─── Given data ───

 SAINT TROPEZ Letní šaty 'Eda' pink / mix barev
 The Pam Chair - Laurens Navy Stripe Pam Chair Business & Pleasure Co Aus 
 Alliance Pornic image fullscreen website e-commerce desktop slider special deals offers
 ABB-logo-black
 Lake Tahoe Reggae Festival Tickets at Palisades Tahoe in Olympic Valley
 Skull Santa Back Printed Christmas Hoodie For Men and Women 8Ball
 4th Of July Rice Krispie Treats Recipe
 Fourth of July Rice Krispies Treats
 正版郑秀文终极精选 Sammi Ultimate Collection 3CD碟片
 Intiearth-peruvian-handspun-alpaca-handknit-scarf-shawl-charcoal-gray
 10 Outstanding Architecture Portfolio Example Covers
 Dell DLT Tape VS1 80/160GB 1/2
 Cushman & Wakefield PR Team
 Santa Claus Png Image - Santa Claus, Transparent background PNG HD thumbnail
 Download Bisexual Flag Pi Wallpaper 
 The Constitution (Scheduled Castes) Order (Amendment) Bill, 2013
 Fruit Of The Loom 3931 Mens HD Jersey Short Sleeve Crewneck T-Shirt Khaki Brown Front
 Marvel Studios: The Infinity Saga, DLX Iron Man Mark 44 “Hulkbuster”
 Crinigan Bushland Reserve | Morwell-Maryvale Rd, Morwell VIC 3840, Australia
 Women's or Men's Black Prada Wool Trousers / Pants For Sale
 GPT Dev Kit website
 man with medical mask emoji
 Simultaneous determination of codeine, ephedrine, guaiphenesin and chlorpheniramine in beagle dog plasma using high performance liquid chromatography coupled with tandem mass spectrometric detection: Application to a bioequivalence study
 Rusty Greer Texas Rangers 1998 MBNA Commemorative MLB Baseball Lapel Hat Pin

───

Nothing but the lines from the one that contains "Crinigan Bushland Reserve" through the last line of the entries should appear in your reply, each repeated exactly.

 Crinigan Bushland Reserve | Morwell-Maryvale Rd, Morwell VIC 3840, Australia
 Women's or Men's Black Prada Wool Trousers / Pants For Sale
 GPT Dev Kit website
 man with medical mask emoji
 Simultaneous determination of codeine, ephedrine, guaiphenesin and chlorpheniramine in beagle dog plasma using high performance liquid chromatography coupled with tandem mass spectrometric detection: Application to a bioequivalence study
 Rusty Greer Texas Rangers 1998 MBNA Commemorative MLB Baseball Lapel Hat Pin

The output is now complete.